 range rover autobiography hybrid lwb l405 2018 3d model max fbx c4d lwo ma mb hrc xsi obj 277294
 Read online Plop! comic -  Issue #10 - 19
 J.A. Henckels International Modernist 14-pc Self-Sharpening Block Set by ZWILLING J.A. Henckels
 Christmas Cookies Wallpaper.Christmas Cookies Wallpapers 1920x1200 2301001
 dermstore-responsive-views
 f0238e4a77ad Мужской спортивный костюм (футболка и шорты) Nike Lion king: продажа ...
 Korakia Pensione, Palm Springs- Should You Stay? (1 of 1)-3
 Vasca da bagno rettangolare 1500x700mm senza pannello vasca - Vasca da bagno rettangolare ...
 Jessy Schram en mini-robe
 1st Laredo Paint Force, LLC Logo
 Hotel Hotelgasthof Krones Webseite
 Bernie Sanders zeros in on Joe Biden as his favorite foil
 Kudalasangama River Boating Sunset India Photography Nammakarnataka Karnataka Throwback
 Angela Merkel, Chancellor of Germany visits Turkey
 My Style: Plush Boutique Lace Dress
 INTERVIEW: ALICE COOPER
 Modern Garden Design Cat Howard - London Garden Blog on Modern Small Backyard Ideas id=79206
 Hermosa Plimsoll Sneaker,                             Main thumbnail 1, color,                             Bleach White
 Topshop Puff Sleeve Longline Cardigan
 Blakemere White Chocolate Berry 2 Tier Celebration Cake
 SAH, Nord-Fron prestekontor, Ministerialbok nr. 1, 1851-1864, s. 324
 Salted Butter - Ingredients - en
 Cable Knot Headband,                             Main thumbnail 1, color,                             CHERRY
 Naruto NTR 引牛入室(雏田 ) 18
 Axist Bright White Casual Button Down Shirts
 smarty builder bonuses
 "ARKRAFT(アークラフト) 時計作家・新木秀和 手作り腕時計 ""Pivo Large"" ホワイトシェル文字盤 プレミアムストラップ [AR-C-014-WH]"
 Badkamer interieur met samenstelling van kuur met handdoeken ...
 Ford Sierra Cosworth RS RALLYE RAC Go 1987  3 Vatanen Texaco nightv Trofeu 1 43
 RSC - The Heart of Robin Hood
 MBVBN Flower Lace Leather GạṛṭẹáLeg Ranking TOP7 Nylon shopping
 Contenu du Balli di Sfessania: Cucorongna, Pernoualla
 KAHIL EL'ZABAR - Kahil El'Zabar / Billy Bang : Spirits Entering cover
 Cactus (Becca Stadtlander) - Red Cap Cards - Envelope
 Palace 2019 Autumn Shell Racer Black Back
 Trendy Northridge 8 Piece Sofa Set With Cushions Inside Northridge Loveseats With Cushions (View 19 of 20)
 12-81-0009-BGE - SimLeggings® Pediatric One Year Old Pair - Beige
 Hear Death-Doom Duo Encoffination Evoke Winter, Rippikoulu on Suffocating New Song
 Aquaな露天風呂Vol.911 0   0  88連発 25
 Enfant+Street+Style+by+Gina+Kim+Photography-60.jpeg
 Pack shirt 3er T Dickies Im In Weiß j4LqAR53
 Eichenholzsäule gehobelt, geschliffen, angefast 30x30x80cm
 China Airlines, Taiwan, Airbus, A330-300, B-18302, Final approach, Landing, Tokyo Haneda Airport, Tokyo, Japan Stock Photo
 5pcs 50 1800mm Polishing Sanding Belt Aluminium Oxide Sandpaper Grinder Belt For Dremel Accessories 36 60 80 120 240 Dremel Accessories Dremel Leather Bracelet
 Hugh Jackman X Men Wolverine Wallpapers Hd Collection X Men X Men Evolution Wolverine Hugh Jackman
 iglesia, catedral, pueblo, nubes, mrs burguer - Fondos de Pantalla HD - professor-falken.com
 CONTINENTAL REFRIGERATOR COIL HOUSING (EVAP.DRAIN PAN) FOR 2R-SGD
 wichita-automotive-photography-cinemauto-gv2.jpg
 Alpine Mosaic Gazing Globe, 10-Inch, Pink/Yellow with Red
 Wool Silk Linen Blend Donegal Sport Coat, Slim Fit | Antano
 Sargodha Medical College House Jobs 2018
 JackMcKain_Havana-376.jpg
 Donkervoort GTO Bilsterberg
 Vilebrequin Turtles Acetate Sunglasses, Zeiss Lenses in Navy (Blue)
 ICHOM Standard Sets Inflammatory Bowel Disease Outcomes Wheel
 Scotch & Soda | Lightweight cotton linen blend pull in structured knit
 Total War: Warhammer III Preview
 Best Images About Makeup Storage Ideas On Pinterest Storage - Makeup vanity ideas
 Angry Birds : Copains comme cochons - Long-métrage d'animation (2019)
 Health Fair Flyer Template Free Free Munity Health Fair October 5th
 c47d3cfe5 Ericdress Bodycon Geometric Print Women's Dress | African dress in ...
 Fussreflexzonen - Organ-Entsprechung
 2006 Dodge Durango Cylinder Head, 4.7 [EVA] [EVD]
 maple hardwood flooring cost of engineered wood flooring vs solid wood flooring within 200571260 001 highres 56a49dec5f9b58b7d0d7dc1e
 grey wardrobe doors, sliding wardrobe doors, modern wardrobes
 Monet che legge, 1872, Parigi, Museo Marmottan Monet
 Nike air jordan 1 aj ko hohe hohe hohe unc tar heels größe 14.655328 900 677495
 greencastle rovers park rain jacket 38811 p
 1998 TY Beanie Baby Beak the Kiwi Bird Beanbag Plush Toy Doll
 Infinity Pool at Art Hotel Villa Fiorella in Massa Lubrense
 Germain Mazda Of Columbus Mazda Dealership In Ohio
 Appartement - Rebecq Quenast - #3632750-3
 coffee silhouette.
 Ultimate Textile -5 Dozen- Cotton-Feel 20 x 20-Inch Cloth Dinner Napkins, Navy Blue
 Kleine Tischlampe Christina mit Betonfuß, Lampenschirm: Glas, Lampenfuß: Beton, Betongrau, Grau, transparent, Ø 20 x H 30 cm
■ ■ ■ ■ ■ ■ ■
TASK BRIEF: All of the data above should be reproduced exactly.

SOLUTION TO THE PROBLEM:
 range rover autobiography hybrid lwb l405 2018 3d model max fbx c4d lwo ma mb hrc xsi obj 277294
 Read online Plop! comic -  Issue #10 - 19
 J.A. Henckels International Modernist 14-pc Self-Sharpening Block Set by ZWILLING J.A. Henckels
 Christmas Cookies Wallpaper.Christmas Cookies Wallpapers 1920x1200 2301001
 dermstore-responsive-views
 f0238e4a77ad Мужской спортивный костюм (футболка и шорты) Nike Lion king: продажа ...
 Korakia Pensione, Palm Springs- Should You Stay? (1 of 1)-3
 Vasca da bagno rettangolare 1500x700mm senza pannello vasca - Vasca da bagno rettangolare ...
 Jessy Schram en mini-robe
 1st Laredo Paint Force, LLC Logo
 Hotel Hotelgasthof Krones Webseite
 Bernie Sanders zeros in on Joe Biden as his favorite foil
 Kudalasangama River Boating Sunset India Photography Nammakarnataka Karnataka Throwback
 Angela Merkel, Chancellor of Germany visits Turkey
 My Style: Plush Boutique Lace Dress
 INTERVIEW: ALICE COOPER
 Modern Garden Design Cat Howard - London Garden Blog on Modern Small Backyard Ideas id=79206
 Hermosa Plimsoll Sneaker,                             Main thumbnail 1, color,                             Bleach White
 Topshop Puff Sleeve Longline Cardigan
 Blakemere White Chocolate Berry 2 Tier Celebration Cake
 SAH, Nord-Fron prestekontor, Ministerialbok nr. 1, 1851-1864, s. 324
 Salted Butter - Ingredients - en
 Cable Knot Headband,                             Main thumbnail 1, color,                             CHERRY
 Naruto NTR 引牛入室(雏田 ) 18
 Axist Bright White Casual Button Down Shirts
 smarty builder bonuses
 "ARKRAFT(アークラフト) 時計作家・新木秀和 手作り腕時計 ""Pivo Large"" ホワイトシェル文字盤 プレミアムストラップ [AR-C-014-WH]"
 Badkamer interieur met samenstelling van kuur met handdoeken ...
 Ford Sierra Cosworth RS RALLYE RAC Go 1987  3 Vatanen Texaco nightv Trofeu 1 43
 RSC - The Heart of Robin Hood
 MBVBN Flower Lace Leather GạṛṭẹáLeg Ranking TOP7 Nylon shopping
 Contenu du Balli di Sfessania: Cucorongna, Pernoualla
 KAHIL EL'ZABAR - Kahil El'Zabar / Billy Bang : Spirits Entering cover
 Cactus (Becca Stadtlander) - Red Cap Cards - Envelope
 Palace 2019 Autumn Shell Racer Black Back
 Trendy Northridge 8 Piece Sofa Set With Cushions Inside Northridge Loveseats With Cushions (View 19 of 20)
 12-81-0009-BGE - SimLeggings® Pediatric One Year Old Pair - Beige
 Hear Death-Doom Duo Encoffination Evoke Winter, Rippikoulu on Suffocating New Song
 Aquaな露天風呂Vol.911 0   0  88連発 25
 Enfant+Street+Style+by+Gina+Kim+Photography-60.jpeg
 Pack shirt 3er T Dickies Im In Weiß j4LqAR53
 Eichenholzsäule gehobelt, geschliffen, angefast 30x30x80cm
 China Airlines, Taiwan, Airbus, A330-300, B-18302, Final approach, Landing, Tokyo Haneda Airport, Tokyo, Japan Stock Photo
 5pcs 50 1800mm Polishing Sanding Belt Aluminium Oxide Sandpaper Grinder Belt For Dremel Accessories 36 60 80 120 240 Dremel Accessories Dremel Leather Bracelet
 Hugh Jackman X Men Wolverine Wallpapers Hd Collection X Men X Men Evolution Wolverine Hugh Jackman
 iglesia, catedral, pueblo, nubes, mrs burguer - Fondos de Pantalla HD - professor-falken.com
 CONTINENTAL REFRIGERATOR COIL HOUSING (EVAP.DRAIN PAN) FOR 2R-SGD
 wichita-automotive-photography-cinemauto-gv2.jpg
 Alpine Mosaic Gazing Globe, 10-Inch, Pink/Yellow with Red
 Wool Silk Linen Blend Donegal Sport Coat, Slim Fit | Antano
 Sargodha Medical College House Jobs 2018
 JackMcKain_Havana-376.jpg
 Donkervoort GTO Bilsterberg
 Vilebrequin Turtles Acetate Sunglasses, Zeiss Lenses in Navy (Blue)
 ICHOM Standard Sets Inflammatory Bowel Disease Outcomes Wheel
 Scotch & Soda | Lightweight cotton linen blend pull in structured knit
 Total War: Warhammer III Preview
 Best Images About Makeup Storage Ideas On Pinterest Storage - Makeup vanity ideas
 Angry Birds : Copains comme cochons - Long-métrage d'animation (2019)
 Health Fair Flyer Template Free Free Munity Health Fair October 5th
 c47d3cfe5 Ericdress Bodycon Geometric Print Women's Dress | African dress in ...
 Fussreflexzonen - Organ-Entsprechung
 2006 Dodge Durango Cylinder Head, 4.7 [EVA] [EVD]
 maple hardwood flooring cost of engineered wood flooring vs solid wood flooring within 200571260 001 highres 56a49dec5f9b58b7d0d7dc1e
 grey wardrobe doors, sliding wardrobe doors, modern wardrobes
 Monet che legge, 1872, Parigi, Museo Marmottan Monet
 Nike air jordan 1 aj ko hohe hohe hohe unc tar heels größe 14.655328 900 677495
 greencastle rovers park rain jacket 38811 p
 1998 TY Beanie Baby Beak the Kiwi Bird Beanbag Plush Toy Doll
 Infinity Pool at Art Hotel Villa Fiorella in Massa Lubrense
 Germain Mazda Of Columbus Mazda Dealership In Ohio
 Appartement - Rebecq Quenast - #3632750-3
 coffee silhouette.
 Ultimate Textile -5 Dozen- Cotton-Feel 20 x 20-Inch Cloth Dinner Napkins, Navy Blue
 Kleine Tischlampe Christina mit Betonfuß, Lampenschirm: Glas, Lampenfuß: Beton, Betongrau, Grau, transparent, Ø 20 x H 30 cm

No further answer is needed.